REQUIREMENT> The answer is the full listing below, copied exactly, with its pictures omitted.

DATA SHOWN>
┌──

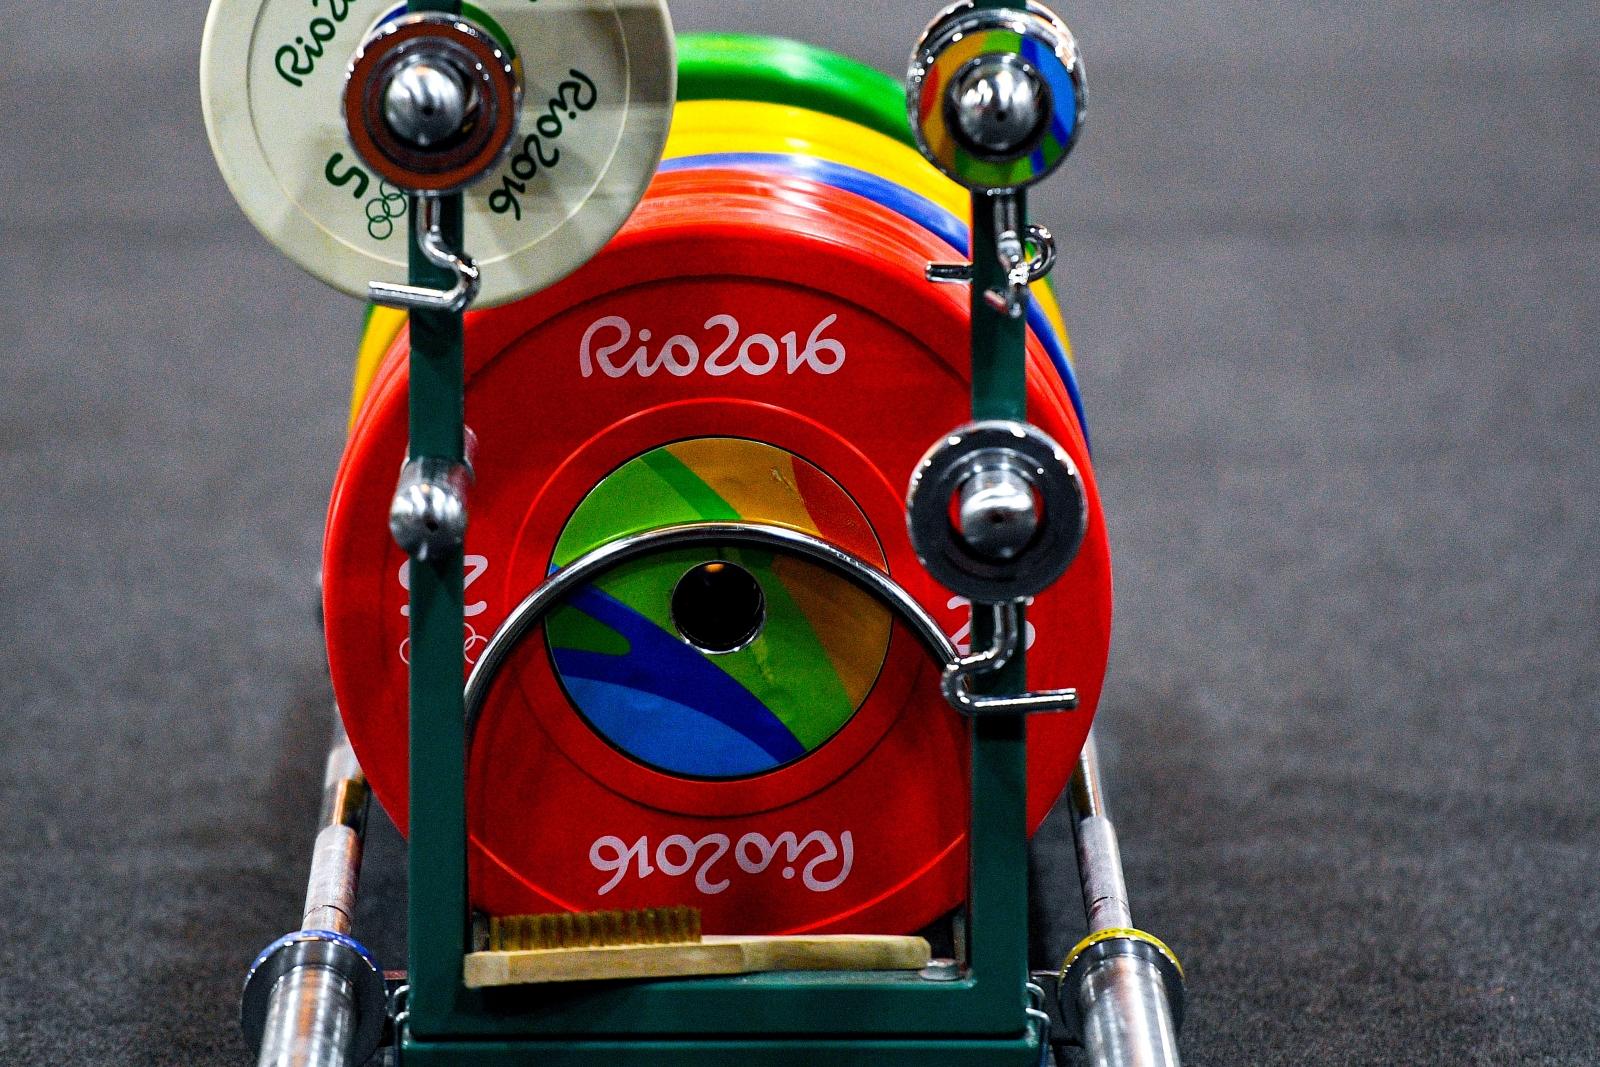 Rio 2016 weightlifting
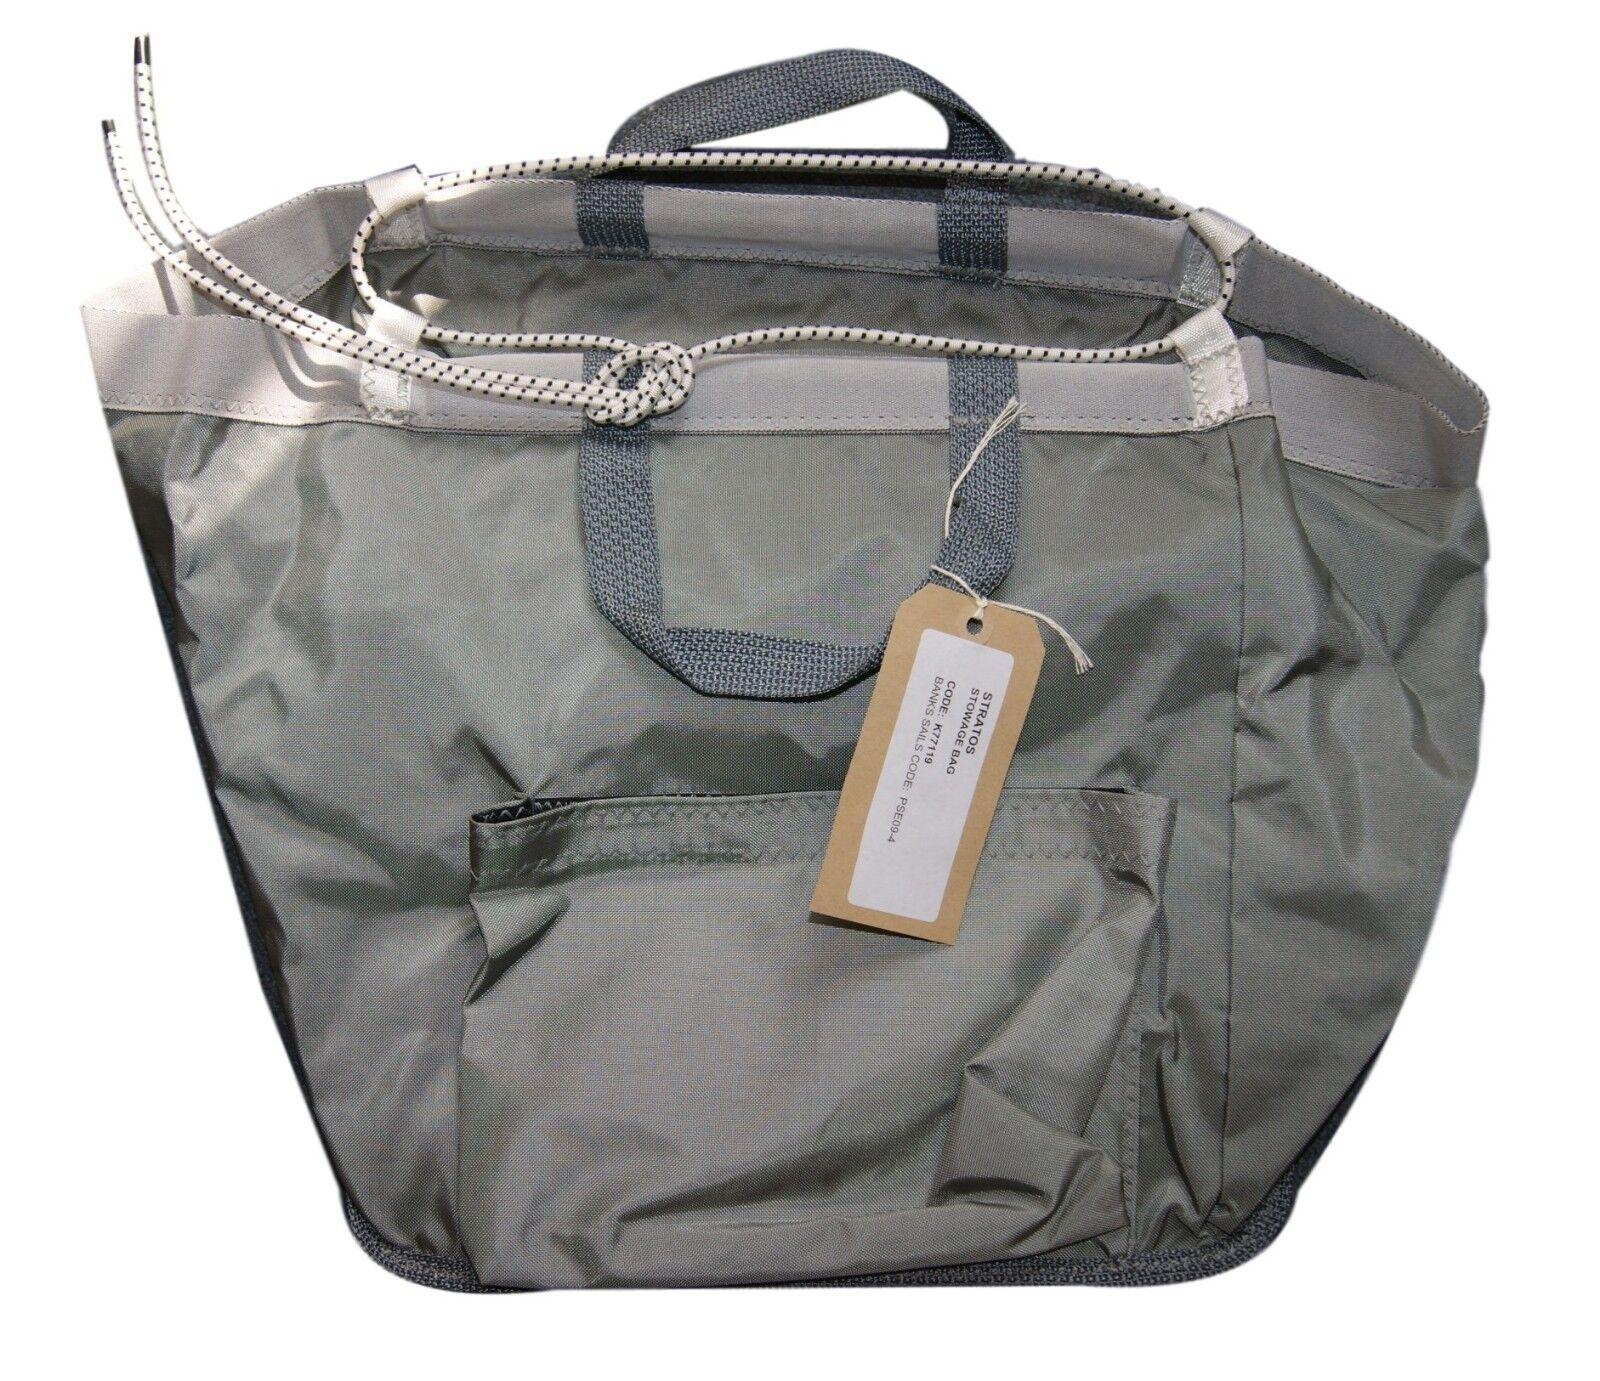 Replacement Laser Stratos Stowage Bag   HT7097
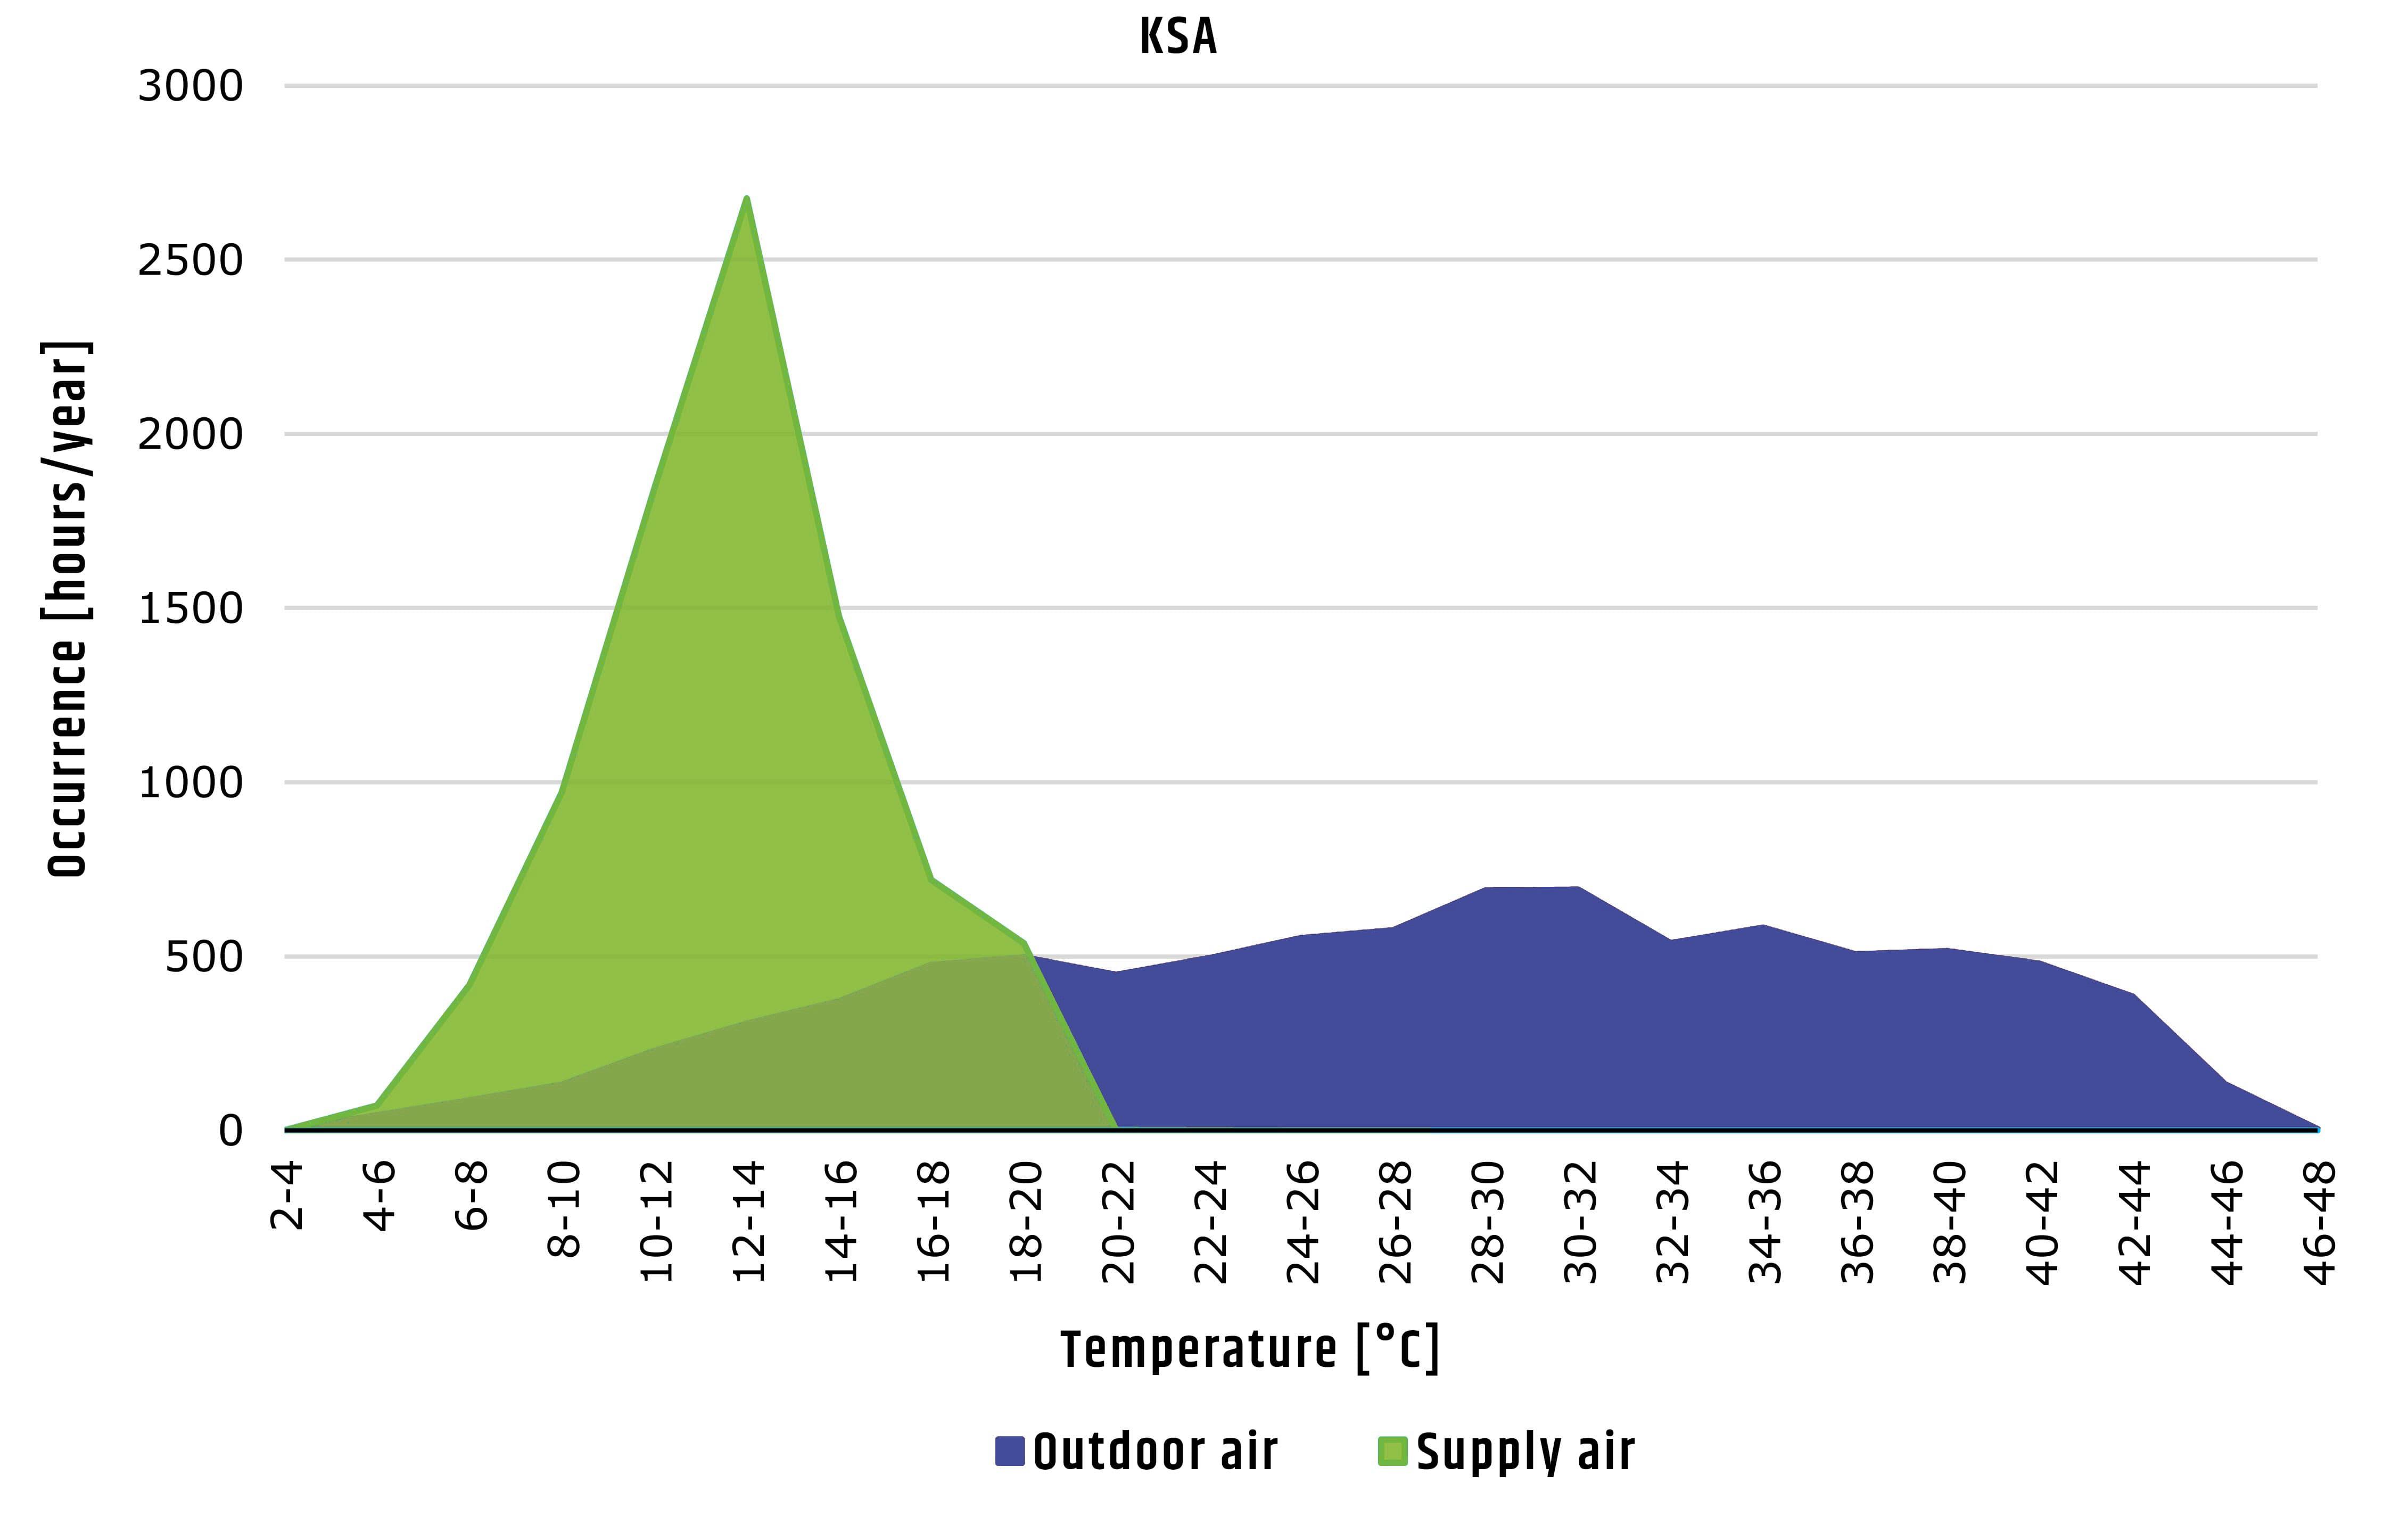 Performance evaporative cooling KSA

└──

EXERCISE SOLUTION>
 Rio 2016 weightlifting
 Replacement Laser Stratos Stowage Bag   HT7097
 Performance evaporative cooling KSA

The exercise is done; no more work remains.